I looked at the picture again, and I remembered the words I scrawled in my journal the early morning of the day before, and I looked at the picture again, and I cried.

Teddy at 3 months
Teddy at 3 months

At my house there is a new dog, this crazy puppy Teddy, a lab mix who loves my slippers, who is not a Berner, who is mouthy and likes hard pets and peeled carrots, and whose short coat feels different but good to the touch.

He likes to stand on his back legs to see what’s on the table or the counter, just like Molly.

He does this at the storm door when we leave the house, front paws up like a child, sending his heart with us in little cries of love and longing.

An armored heart cannot love that way. An armored heart cannot move into joy.

********

*Aric Clark, Doug Hagler, and Nick Larson. Never Pray Again (St. Louis, MO: Chalice Press, 2014), p. 110. Check out their blog, Two Friars and a Fool.

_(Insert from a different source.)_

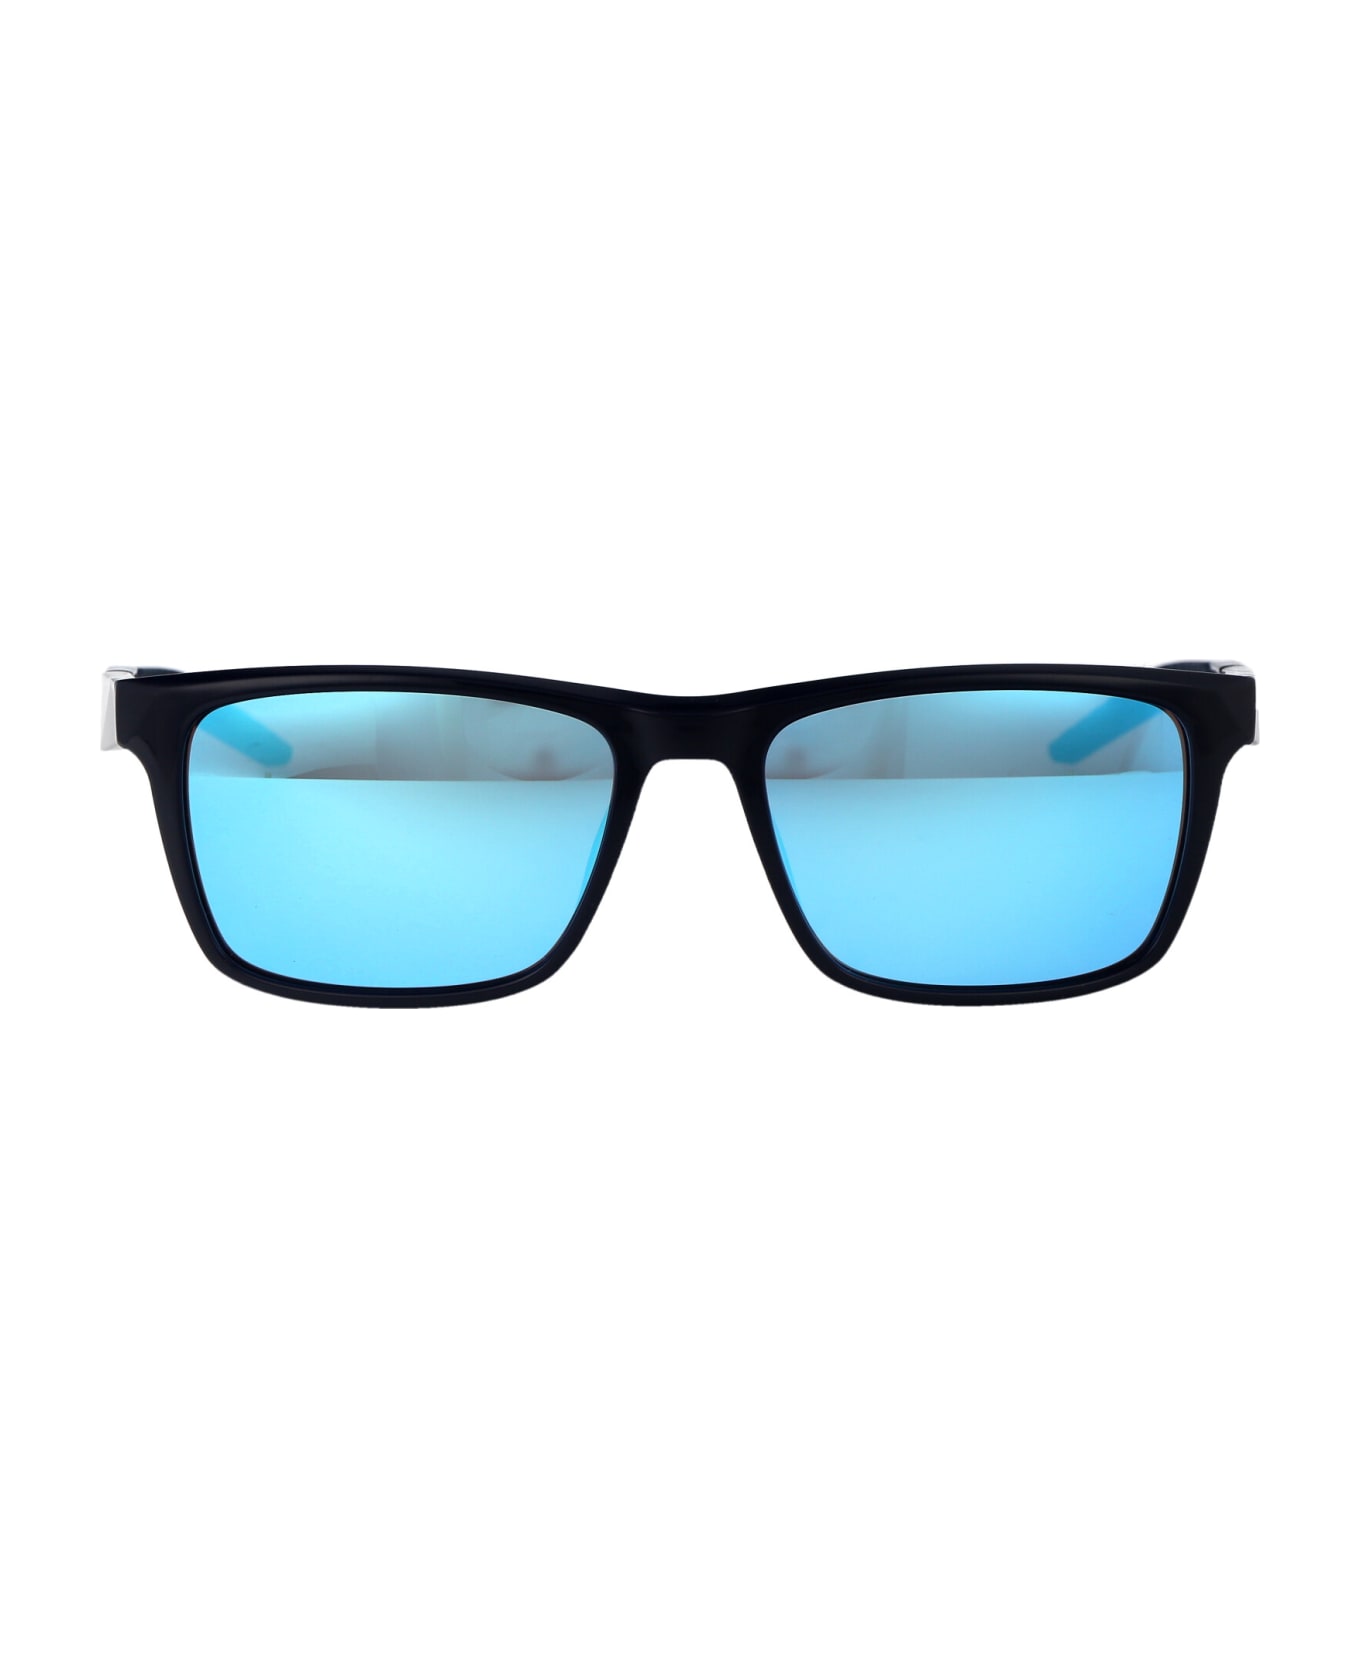 Nike Radeon 1 M Sunglasses - 410 BLUE MIRROR NAVY サングラス

**Becca Stevens. Letters from the Farm: A Simple Path for a Deeper Spiritual Life (New York: Morehouse Publishing, 2015), p. 32. I received a copy from her publicist, and an advance copy, too. If you’ve read this far, and are interested in the book, leave a comment and I will send you the extra book.

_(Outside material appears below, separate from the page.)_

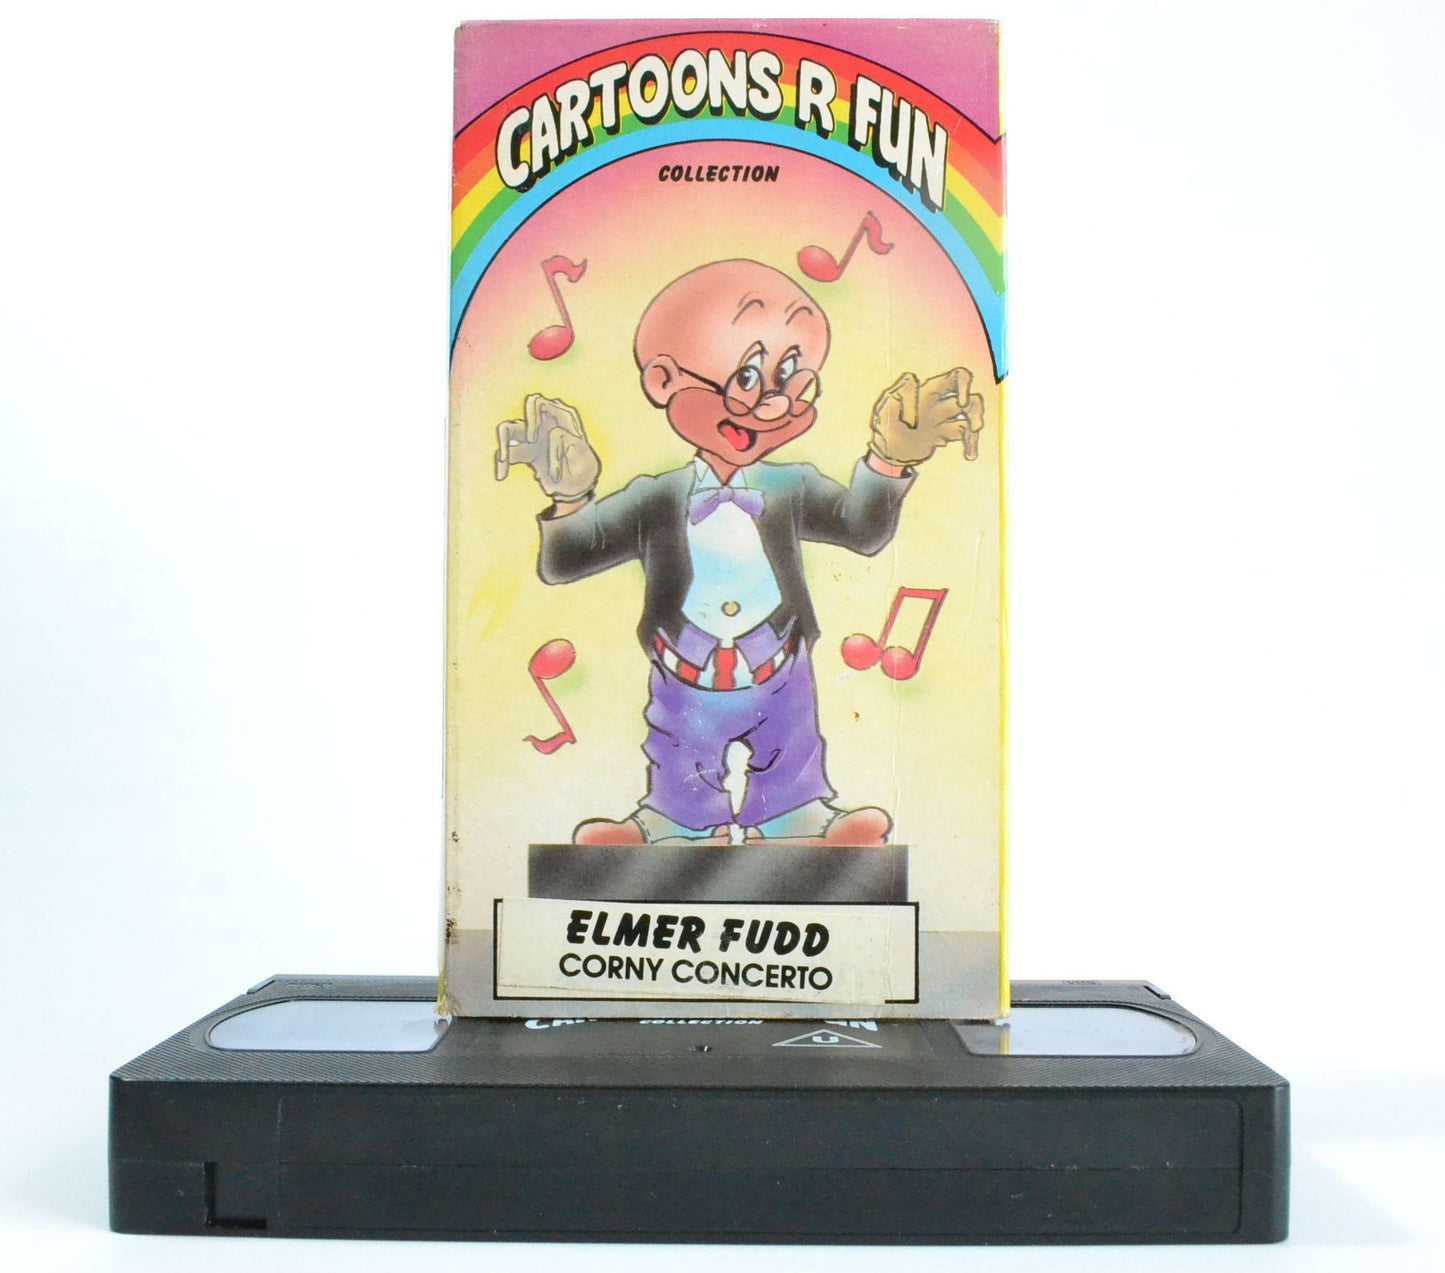 Elmer Fudd: Corny Concerto [Cartoons R Fun Collection] Children (1990 Print) VHS-

6 thoughts on “I am terrible at grieving, or an armored heart

  1. Dianne

    I have been to two funerals in the past week, one I officiated and one of a dear friend who sat with me every week in the same pew, held my girls while I preached, and was the cook on several very important and life changing mission trips. I did not cry. I sat next to a friend who had been with me on those trips, who had walked with me on my journey, and held his hand while he sobbed. I wanted to cry, I willed myself to, but I did not. I had a headache the rest of the day, and the pain sat in my throat.
    I, too, lost a son at 21 weeks and cried then, and in some sense, after that, I felt like nothing was bad enough to cry about. Crying implies weakness and vulnerability, and my job as pastor is to be strong and compassionate (or so my brain says) It’s all tied up together.
    Thank you for sharing this. Someday I will learn how to cry again.

    Like

  2. Julie

    Oh Martha! You nailed it! Grief and mourning and tears…. I do not remember when I first became afraid of letting all the emotion out, sometime in my childhood, knowing only that tears were bad, and keeping up appearances was good. Which is kind of ironic when emotion played such a huge part in my formative years.
    It got so all I ever let out was one or two wee tears. Then that would be it. All that pent up grief. My tears became associated with losing control, and with my own mental fragility. If I was unable to control the tears, then depression was on the horizon. I wept more in the first part of this year, when I was so stressed, and on the verge once more of depression. And now, since Dad died, I have hardly shed a tear. I weep dry tears, and maybe let out one or two at a time, but no more. (See whose got control?!)
    I could write much, much more… maybe I should…. Maybe I will.
    Thank you for your precious words. Always.